If one uses Google's capture, then most likely that capture already has enough data on you, so it doesn't ask anything.
Greetings, comrade! I see by your comment that you don't often use VPNs, or tor, and even limit your use of incognito/private tabs[1]. Thank you for being a good citizen! Carry on!

/s NNAlphabetPopulationSentimentBOT 0.1alpha-3zulu-beta-5-mark20

[1] We are getting better all the time at tracking activity in private/incognito tabs, but there are still some gaps particularly when users manually enable extensions like ublock in incognito mode. This hurts the user's experience on the web, and we suggest only enabling google extensions in incognito. It's incognito even without privacy-enhancing extensions. We promise. Nevermind that we know enough about you to let you bypass our captchas.

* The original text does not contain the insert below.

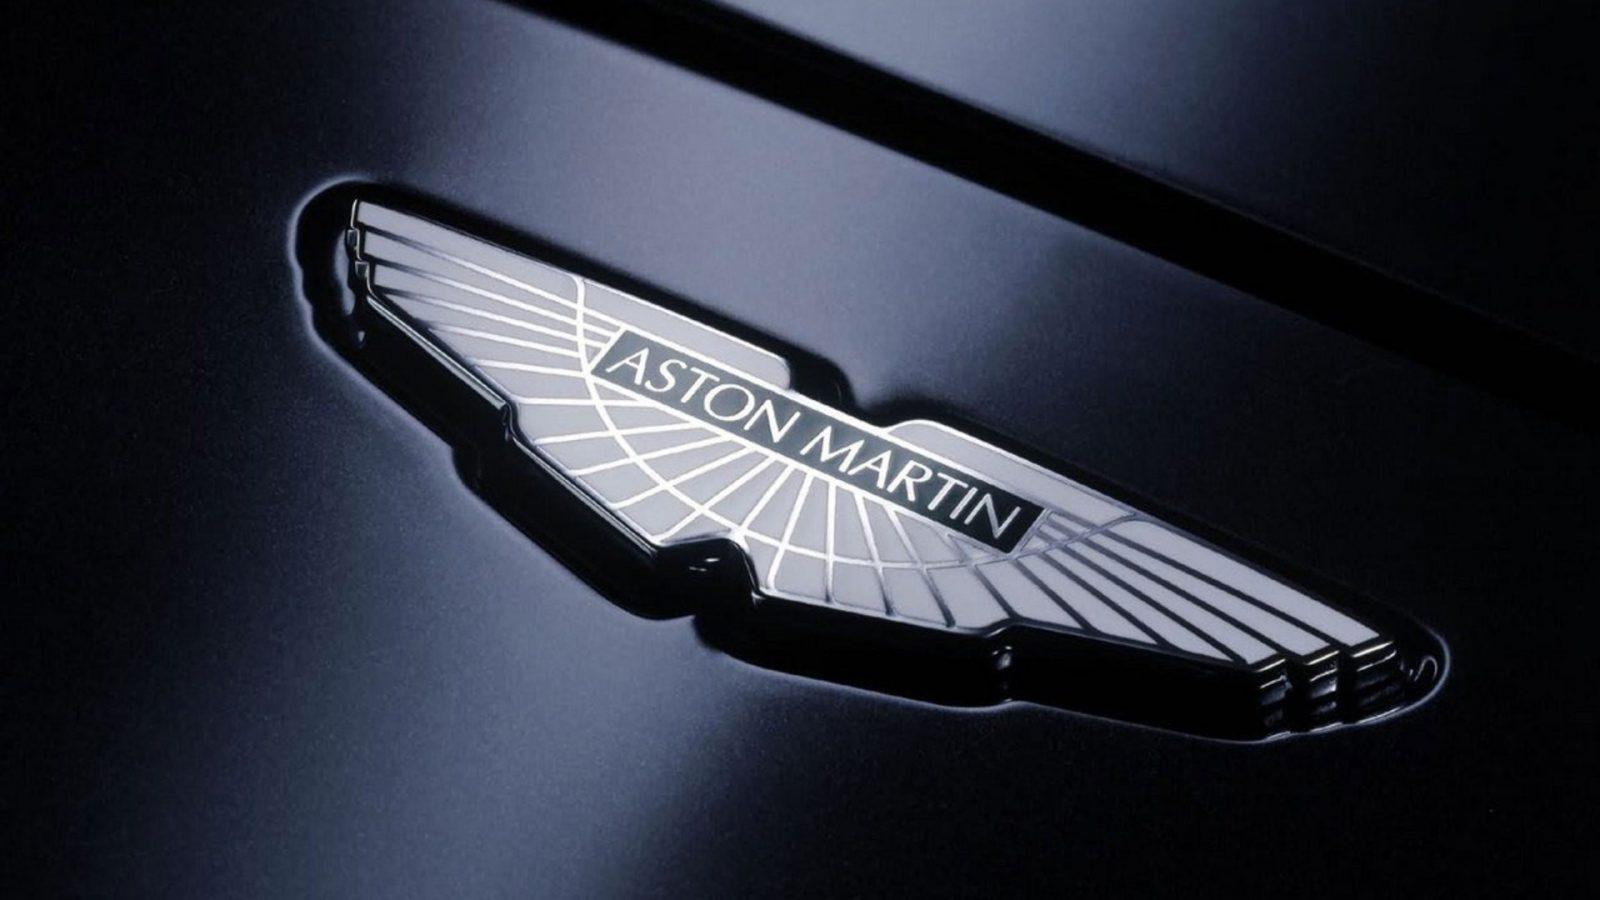 Значок «Астон Мартин», что он означает и как был придуман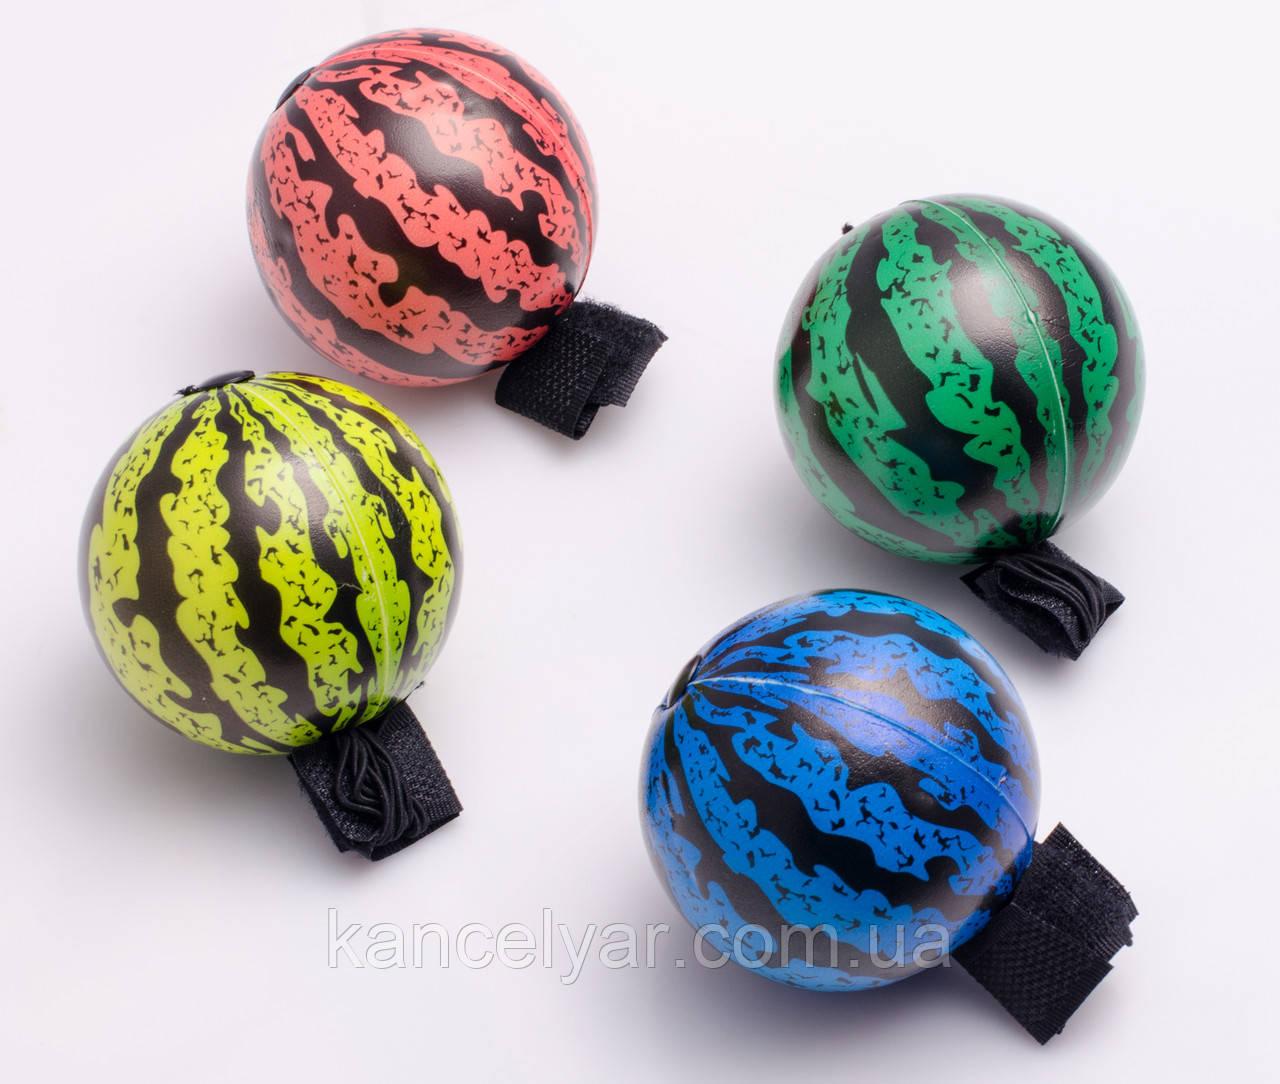 """М'ячик на резинці поролоновий """"Кавун"""", 6 см, в асортименті"""

Brave is my primary browser running under Firejail. I do not use private tabs. Rather I just delete all browser files time-to-time. After that Google capture do ask questions but after a couple of times it stops.
What a ...relief?
I had to put Google capture on a site running a forum with about 300 daily visitors. Otherwise number of bots that passed through email confirmation and tried to write comments with ads was 20-30 daily. It removed all bots.
I can't find the link, but I remember someone doing some experiments awhile back suggesting that the "I'm a human" checkbox just checks if you have Google's tracking "PREF" cookie installed. I don't remember if there seemed to be device fingerprinting involved as well. In any case, if I use one of those and don't have to click on street signs, I know it's a sign I should tidy up my browser state.
For whatever reason, probably my use of AdBlock/uBlock/PrivacyBadger/Disconnect/etc, I get the captcha 100% of the time from google.
I use Brave as my browser. It blocks ads much better than extensions. In addition my primary search engine is DuckDuckGo. Still most Google captures do not ask questions.
In this argument, how do we keep AI from destroying the internet?
If by "the internet" you mean "the ad-supported web," then we can't, and that may not be a bad thing.